A /. post today talked about some group from Sri Lanka that tried to measure the 'improvements' from a refactoring project, and noted that a refactoring

  • doesn't make it faster
  • doesn't necessarily reduce lines of code (like that matters)
  • doesn't necessarily reduce resource usage


  • it might improve code maintainability


  • might not improve readability or ease of ability to change

to which I say, "duh?!?!?!".

Proponents of refactoring have never ever said otherwise (unless they themselves are confused on the matter). Code is only readable if it is either simple, or clearly follows design patterns, or is clearly commented and the comments are up to date with the current version of the code. Code is only easy to change when it is readable and when all external dependencies are well known. That last part is a key thing that metrics aren't necessarily able to capture.

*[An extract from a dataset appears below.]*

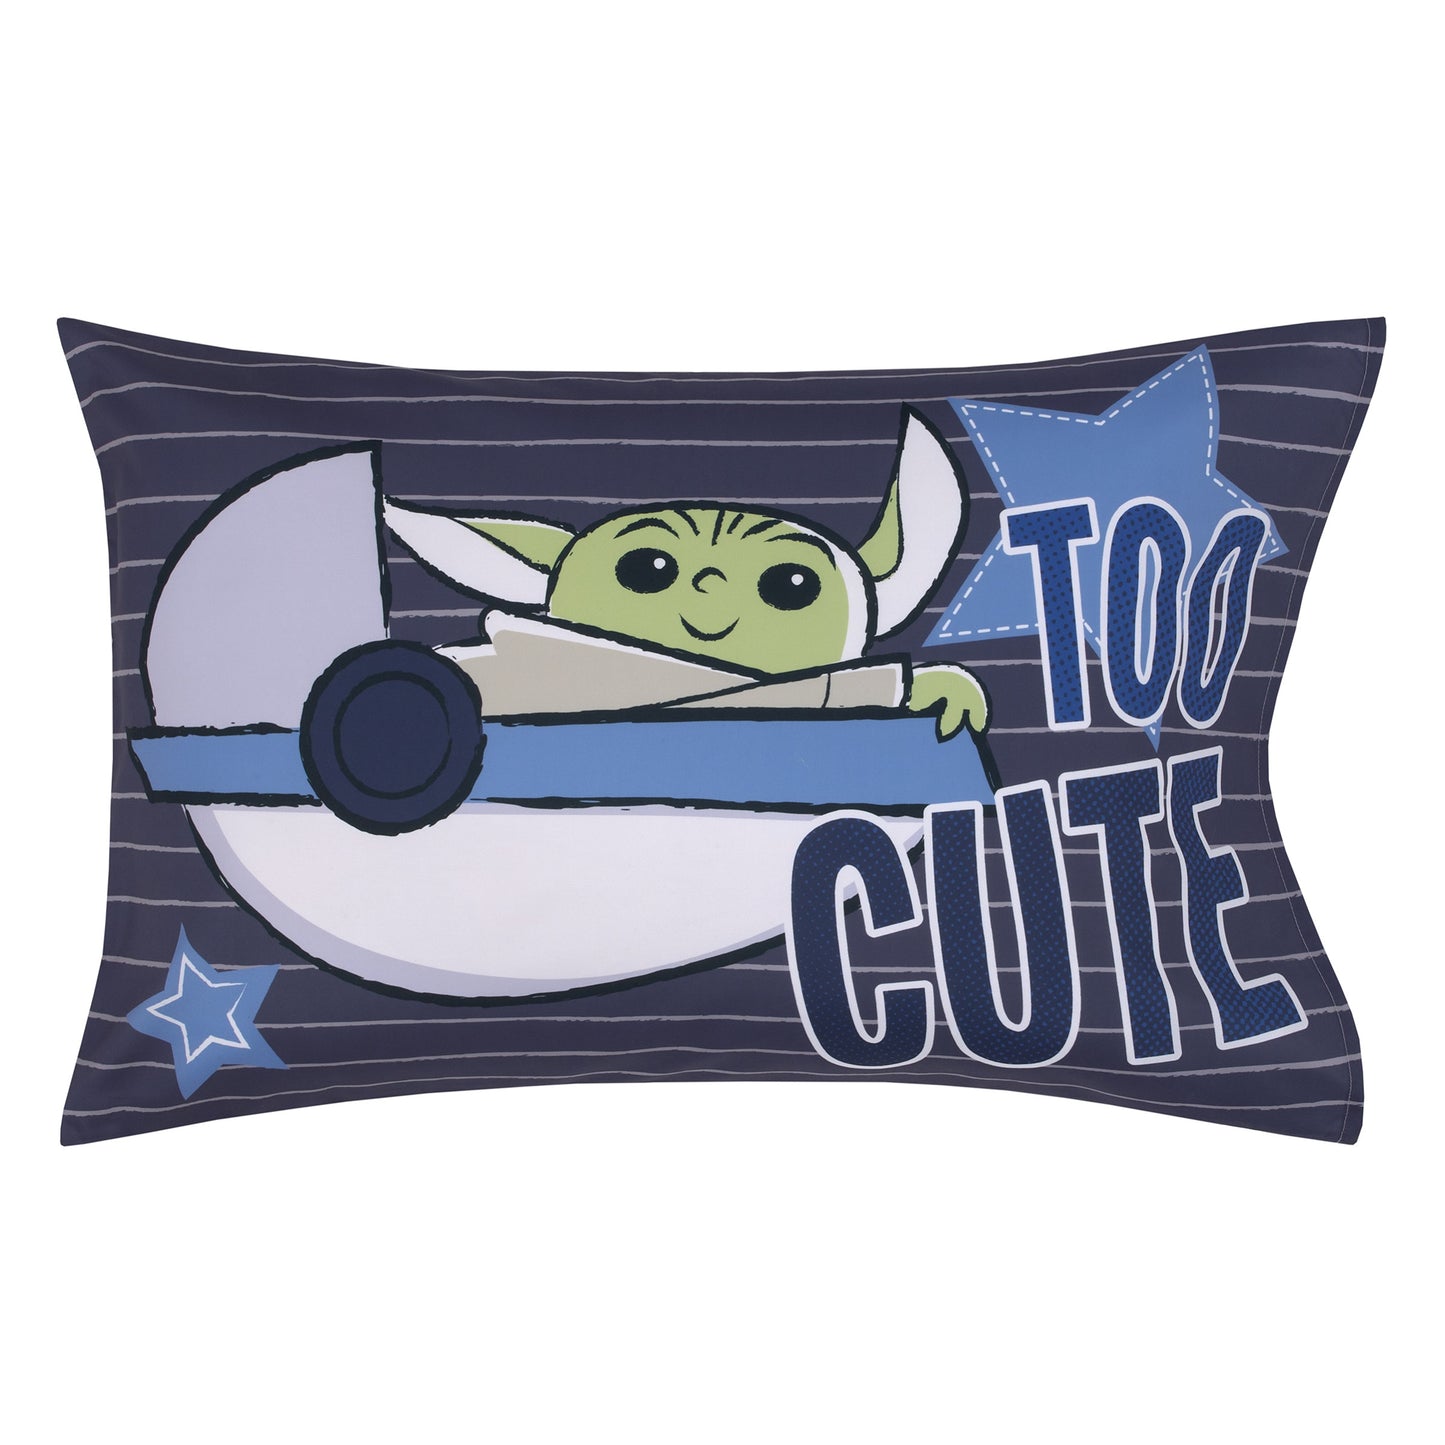 Star Wars The Child Cutest in the Galaxy Blue, Green, and Gray Grogu and Hover Pod 2 Piece Toddler Sheet Set - Fitted Bottom Sheet and Reversible Pillowcase

A refactoring project, if not refactoring to the right design patterns to address what was wrong with the structure in the first place, is not going to improve it. One must know clearly why the current structure is making a bug-fix or a new feature difficult to implement.

And while some refactorings are 'good' in that they reduce a lot of copy-paste code, others are good because they add code, or add classes (an alternative increase in complexity). Different refactorings have different effects, and are used in different situations.

And as always, if you don't need to refactor, don't. A refactoring is to improve the design, not to rewrite for its own sake.

And there-in lies the great flaw of the whole idea of such a study: you can't measure the quality of a software design. Some things you just have to judge for yourself, based on experience and attention, and no arbitrary metrics number will ever differentiate between a good design and a rubbish heap.

Disclaimer: I hate software metrics.